Candy-O track listing
- 11 tracks Side one "Let's Go"; "Since I Held You"; "It's All I Can Do"; "Double Life"; "Shoo Be Doo"; "Candy-O"; Side two "Night Spots"; "You Can't Hold on Too Long"; "Lust for Kicks"; "Got a Lot on My Head"; "Dangerous Type";

= Double Life (The Cars song) =

"Double Life" is a single by the American rock band the Cars from their second album Candy-O. Written by Ric Ocasek, the song was almost left off the album. The song was released as the third single from the album in 1979, but did not chart.

==Background==
"Double Life" was almost left off of Candy-O; Ric Ocasek recalled, "When one of my songs goes to the band in barest cassette form, we sit around and talk about it. If I'm outvoted, we don't do it. We almost didn't include 'Double Life' on the new album, it had been dropped." The first lines of the song, "It takes a fast car to lead a double life," are taken from the first two lines of a poem by Lawrence Ferlinghetti called "Lost Parents."

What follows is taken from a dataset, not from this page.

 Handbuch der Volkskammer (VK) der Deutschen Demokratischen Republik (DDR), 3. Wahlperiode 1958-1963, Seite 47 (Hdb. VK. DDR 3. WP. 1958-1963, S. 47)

On the Candy-O album, this song segues via cross-fading into the next song, "Shoo Be Doo", which, in turn, segues into the album's title track. Aside from being in the same relative keys (C major and A minor), the two have nothing in common. This trick of connecting multiple songs by crossfading or short segueways tempted radio programmers, in the earlier days of radio, into playing more than one song from the album. Many stations had succumbed to this temptation in the sequencing of Side Two of the band's debut album (in which "You're All I've Got Tonight", "Bye Bye Love", "Moving in Stereo", and "All Mixed Up" were all lined up seamlessly).

A music video, featuring the band miming to the song, was also released. It was the 21st video to be played on the MTV's first day of broadcast on August 1, 1981.

==Composition==
The song is sung by Ric Ocasek on the lead vocals, while the other band members provide a harmony bed of "Aah"s and the repeating refrain "It's all gonna happen to you."

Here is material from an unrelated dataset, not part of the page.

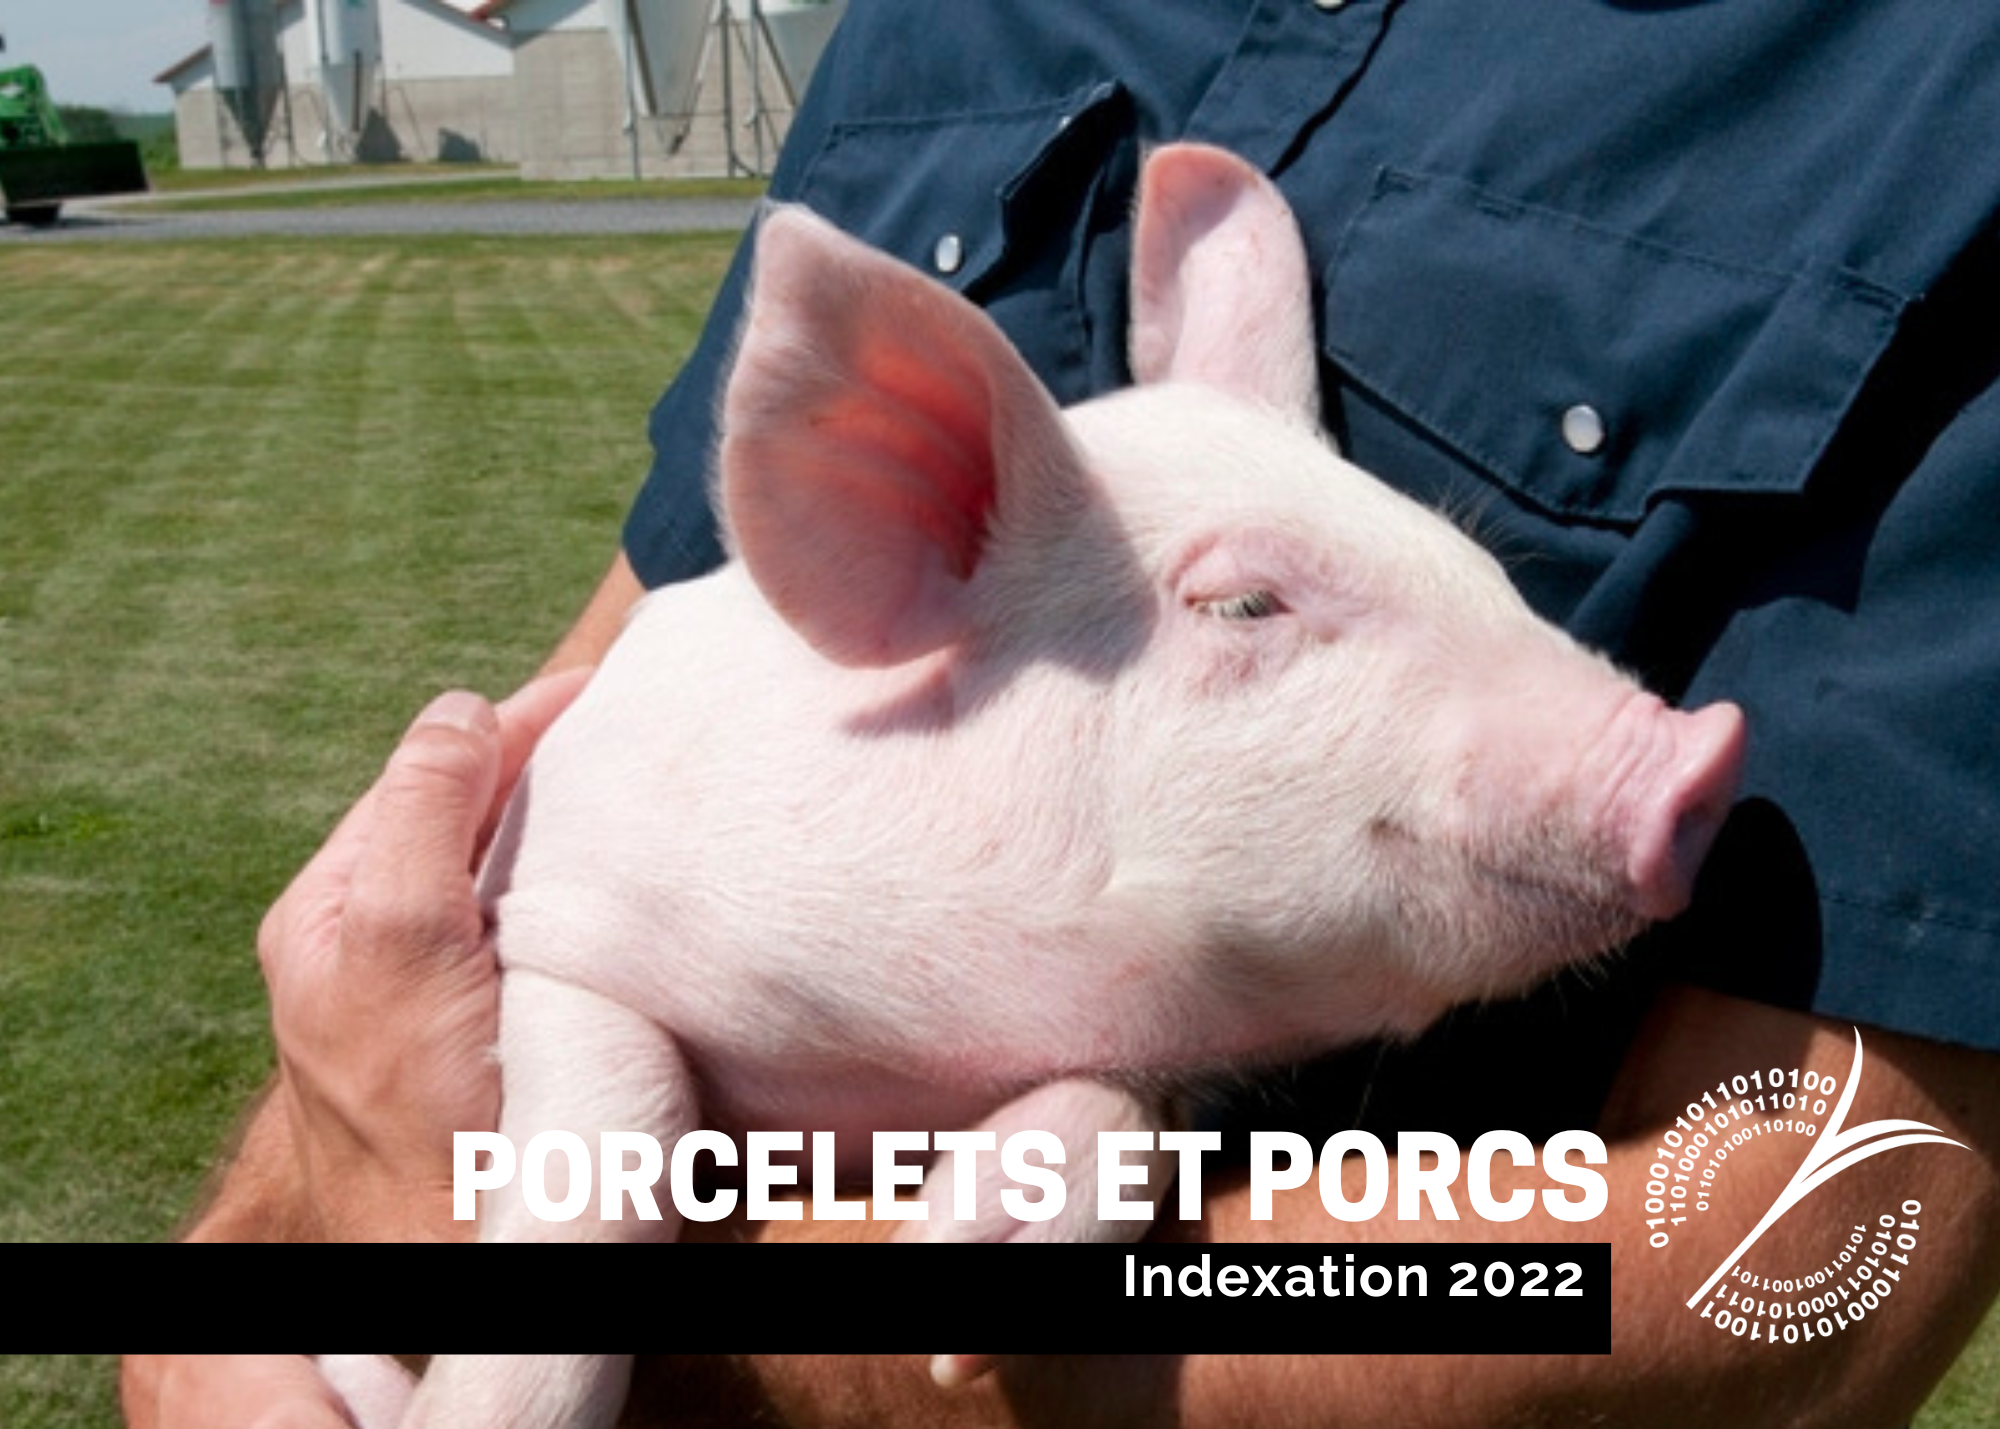 étude : Indexation 2022 - Porcelets et porcs

Although the song begins with an A power chord, the song is in C Major, consisting primarily of C and F major chords, A minor chords, and the dominant, G7 chords.

The song features a brief guitar solo by lead guitarist Elliot Easton, who plays a number of high-speed solo licks over a musical background of G major. Some of his solo phrases end pointedly on F, the dominant seventh of G, reinforcing its role as the dominant seventh chord.

==Release and critical reception==
"Double Life" was released as the third single from Candy-O in December 1979, with "Candy-O" on the B-side. Despite the previous two singles' chart success, "Double Life" failed to chart in the United States. "Double Life" has since appeared on the compilation, Just What I Needed: The Cars Anthology, and is around 12 seconds longer than the Candy-O version.

AllMusic reviewer Greg Prato states the song "embraces modern pop." Billboard described "Double Life" as "a throbbing midtempo cut featuring the band's characteristic nonchalant vocals and taut instrumentation." Record World said that it's characterized by "pulsating rhythm and choppy vocal phrasing" and said that a "whining guitar solo breaks the robot spell."